How can I control the cost of my fleet insurance?

Despite certain factors contributing to higher insurance premiums, there are ways to reduce or stabilize your premium. Here are just some ways to help lower or stabilize your fleet insurance:

  • Telematics – Using an electronic logging device (ELD) to gather information from your fleet vehicles can help you save money on your fleet insurance. Telematics software helps gather information about the safety of your drivers so you can supply your insurance provider with data indicating you operate a safe fleet and, ultimately, reduce costs. This method of calculating insurance costs is called usage-based insurance.
  • Identify areas for driver improvementIdentifying areas of improvement for your fleet drivers using driver scoring and coaching solutions helps pinpoint which drivers could benefit from advanced training.
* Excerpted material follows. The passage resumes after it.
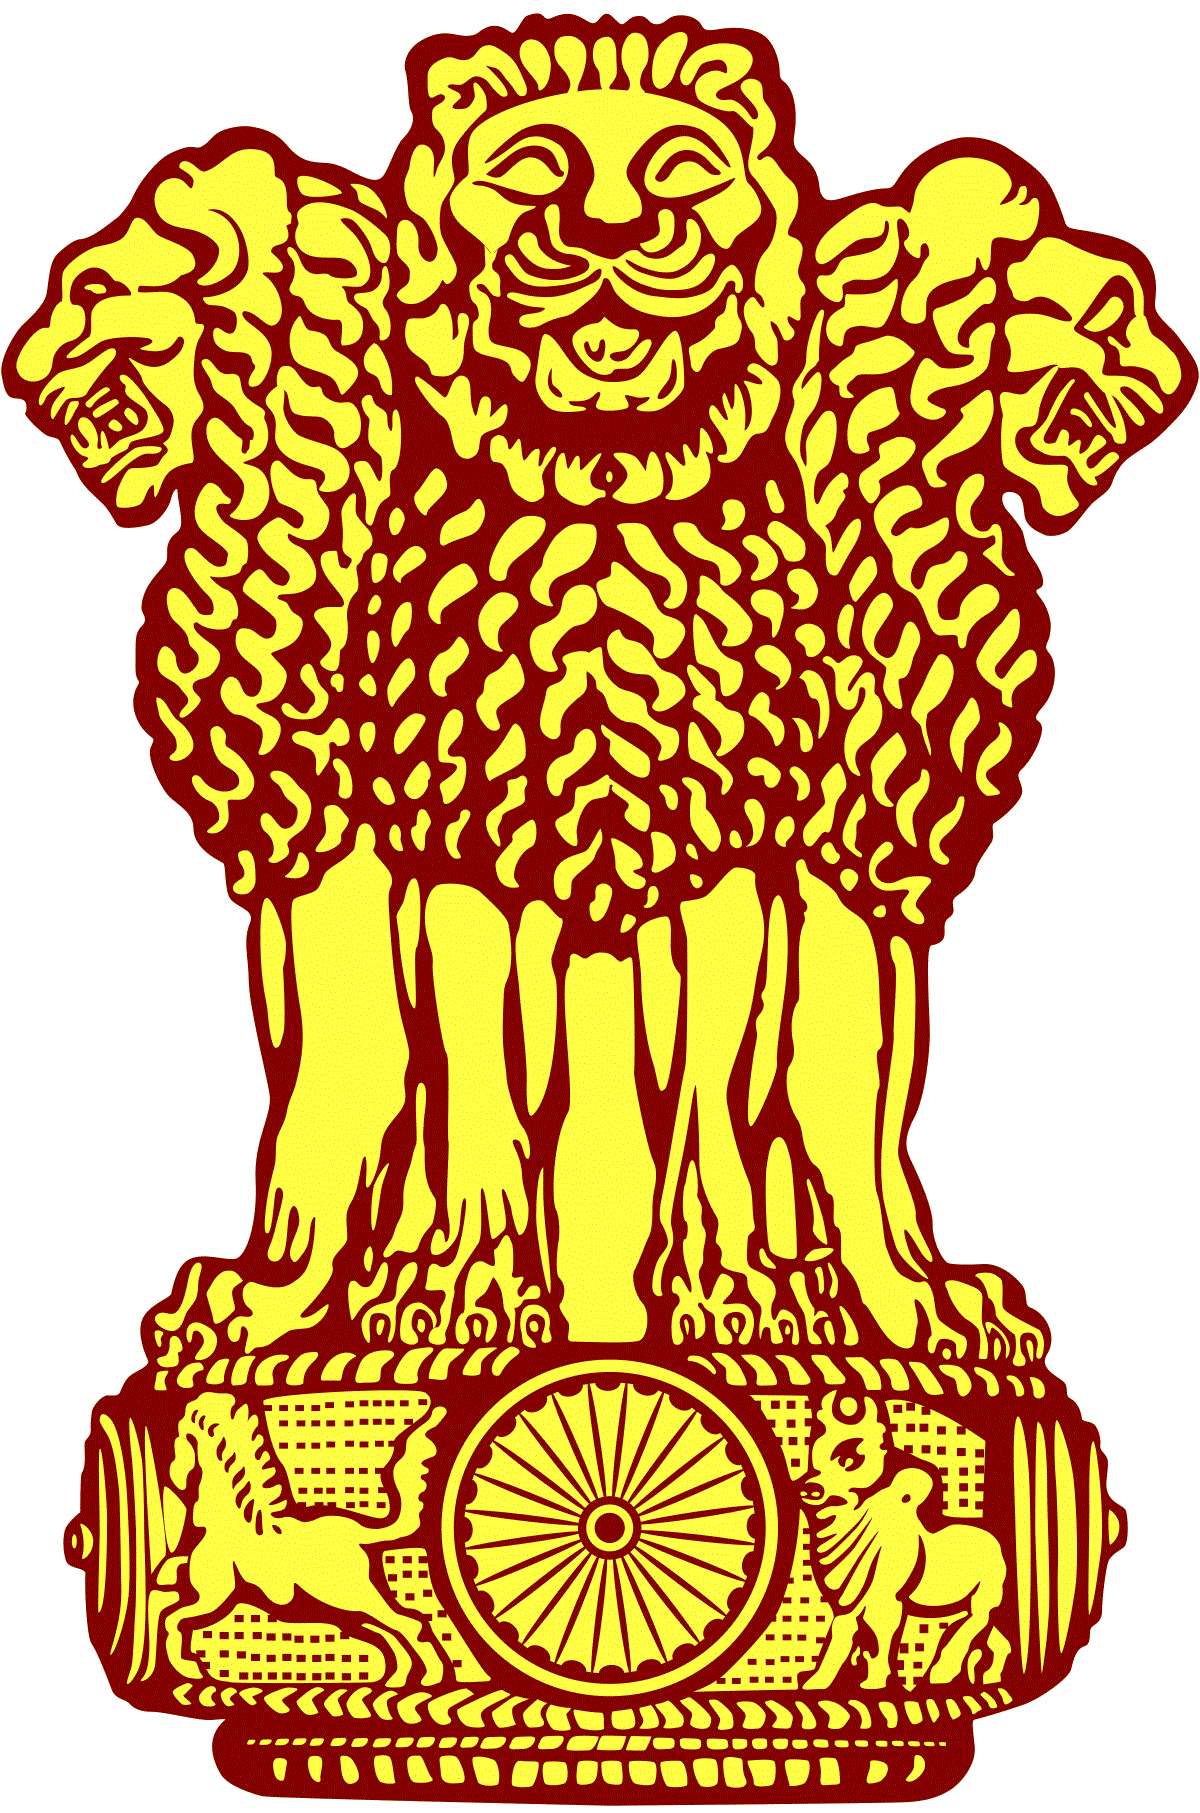 Government of India National Emblem

Having training courses on your drivers’ records helps strengthen your commitment to safe, effective driving in the eyes of your insurer.
  • Invest in fleet dash cameras – Equipping your fleet with dash cams helps identify risky behavior as it happens, including tailgating, lane departures and drowsy or distracted driving. Fleet dash cams also provide unequivocal proof in the case that a collision occurs and can help lower the cost of any incurred insurance claims.
Endorsements to consider for fleets

While a basic fleet insurance policy is like a basic commercial auto policy, there are endorsements you can opt to add on to your policy for even greater protection. Endorsements you could add on to your fleet insurance policy include:

  • Loss of Use – Also called transportation replacement coverage, if you’re found (or one of your employees is found) at fault in an automobile accident, this policy will provide you with a rental vehicle while your truck, van or SUV is being repaired.
  • Legal Liability for Damage to Non-Owned Automobile – if you (or one of your employees) are driving a temporary automobile (such as a rental car), or are hauling a trailer you don’t own, this coverage will extend physical damage coverage (collision, comprehensive or specified perils) to that non-owned vehicle.
  • Coverage for Automobile Electronic Accessories and Equipment – This endorsement helps protect vehicles that have been customized with specialized equipment. In the event of theft or attempted theft of the vehicle or equipment, this endorsement may provide additional coverage.